Jacob Ulrik Lohmann (born 4 February 1974), sometimes credited as Jacob Hauberg Lohmann, is a Danish actor of stage and screen. He has appeared in many films, such as Enforcement (2020) and the award-winning Icelandic drama Godland (2022). He has also appeared in many Danish television series, and is perhaps best known for his lead role in the crime drama series Oxen (2023–).

==Early life and education==
Jacob Ulrik Lohmann was born in Odense, southern Denmark, on 4 February 1974, the son of actor Lars Lohmann.

He graduated from the acting school at Aarhus Theatre in 2002.

==Career==
===Stage===
Lohmann was affiliated with Aalborg Theatre from 2002 until 2004, where he performed in productions of Ulysses von Ithacia, Købmanden i Venedig, King Lear, and the rock opera Jesus Christ Superstar. In 2004, he performed in Macbeth at the Mungo Park Theatre in Allerød.

He starred in the productions Ronja Røverdatter and in Et Juleeventyr ("A Christmas Adventure") at the Folketeatret in Copenhagen.

===Screen===
Lohmann has also appeared in many films, including A Conspiracy of Faith (2016), The Guilty (2018; voice actor, as Bo), Riders of Justice (2020), Godland (2022), and Sons (2024).

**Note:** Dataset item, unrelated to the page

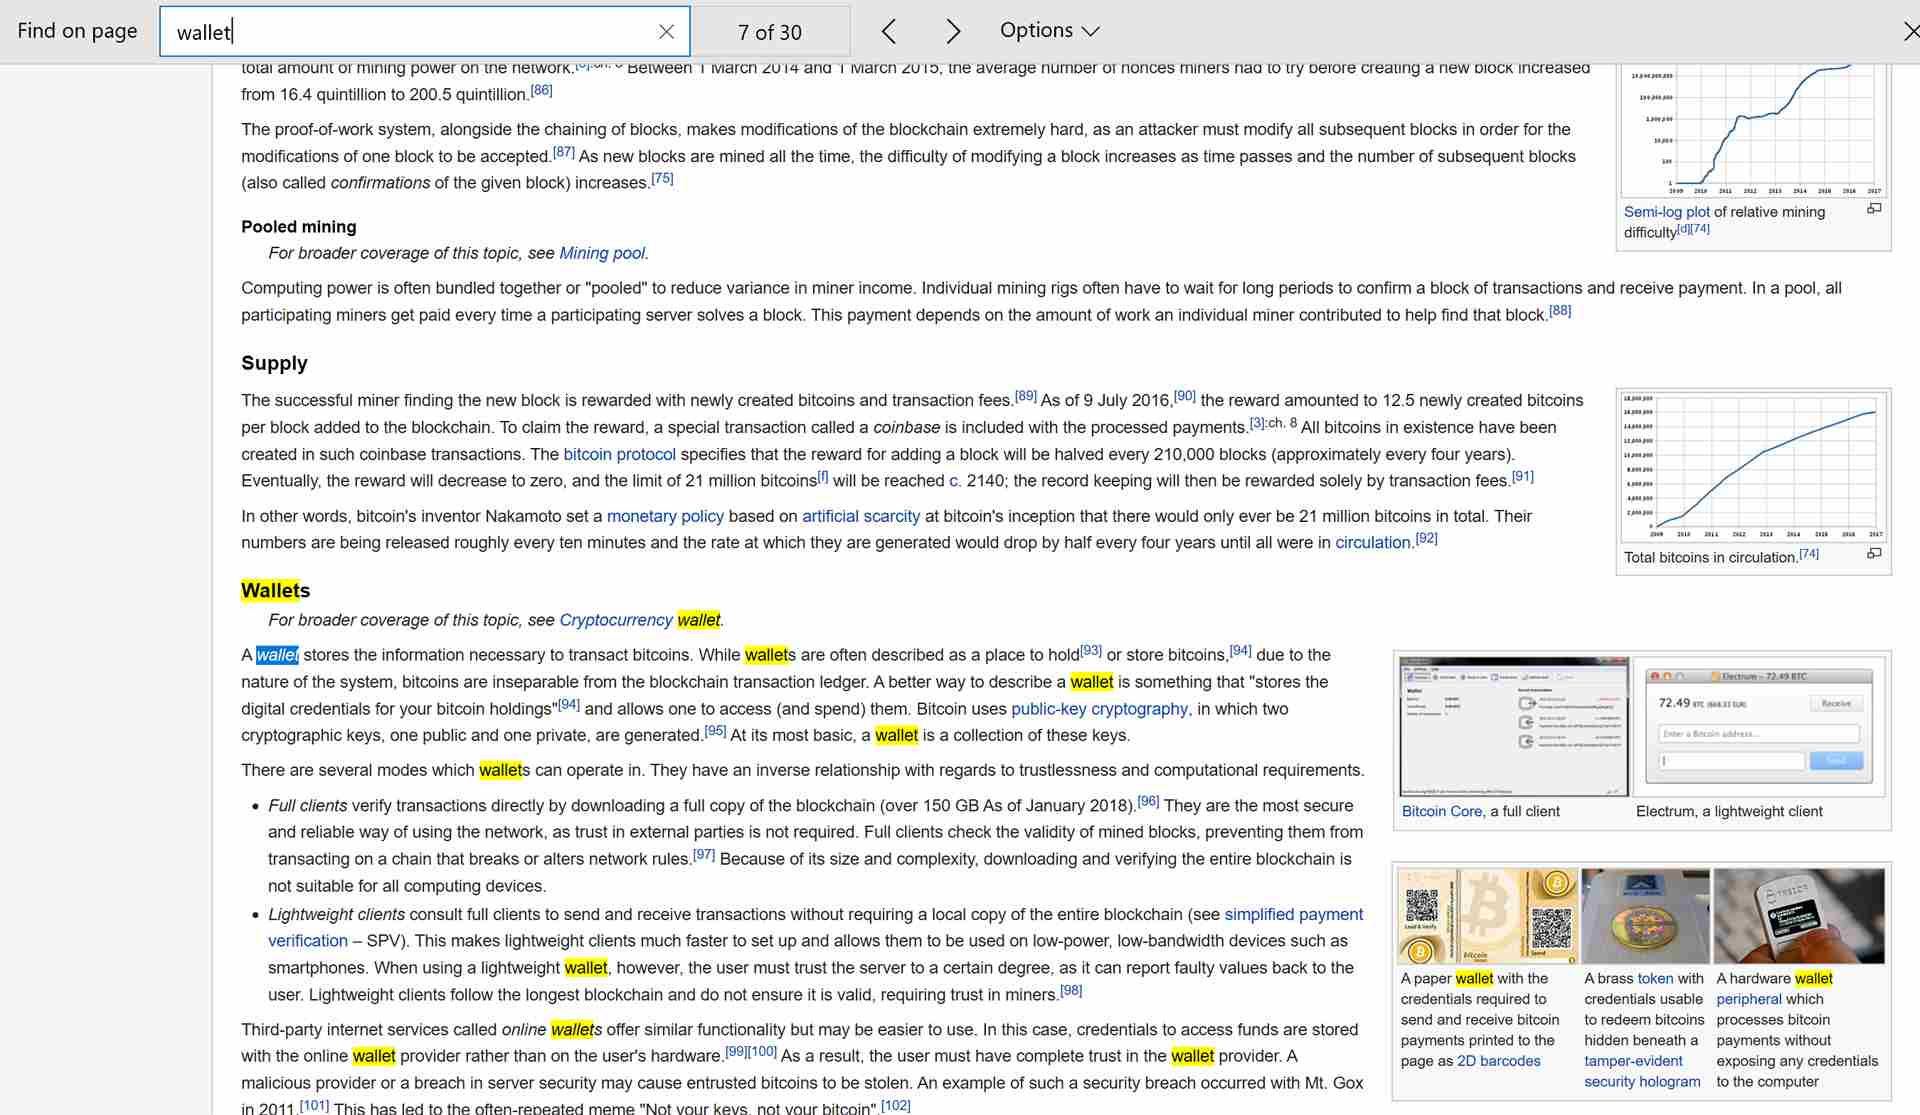 Hae Wikipedia-artikkelista Microsoft Edgessä.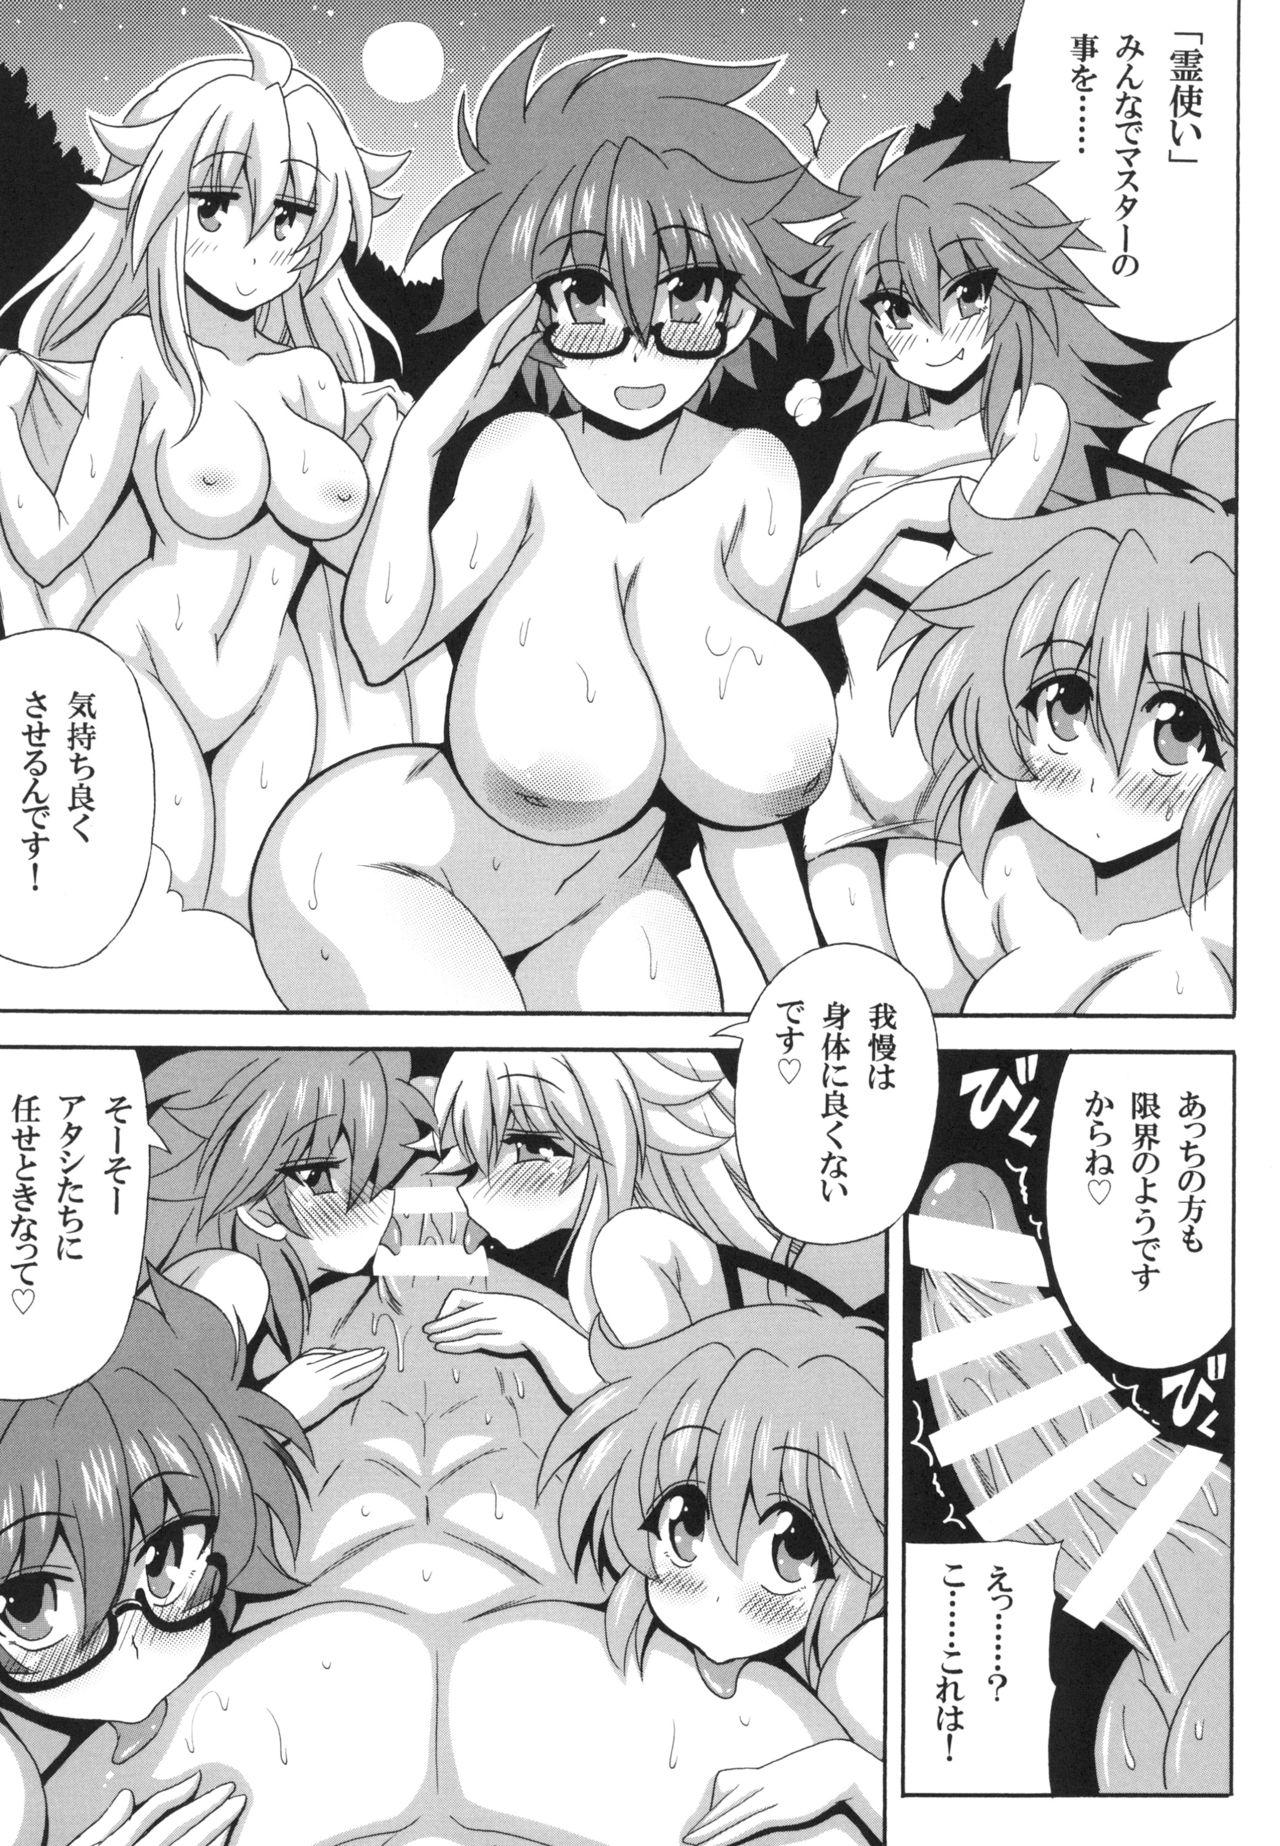 Kinky Reitsukai Onsen e Youkoso - Yu gi oh Amadora - Page 5

Playing in the 2020 crime action film Enforcement (Shorta), he was credited as Jacob Hauberg Lohmann. He said in an interview afterwards that watching the film at Glasgow Film Festival was a personal highlight for him. He plays the tense, "easily triggered" cop Mike Andersen, opposite Simon Sears, who plays his calm colleague Jens Hoyer, after a 19-year-old Arab youth is killed by police in Svalegarden ghetto in Copenhagen. Their performances were praised by reviewer Darryl Griffiths on Movie Marker, who gave the film 5 out of 5 stars.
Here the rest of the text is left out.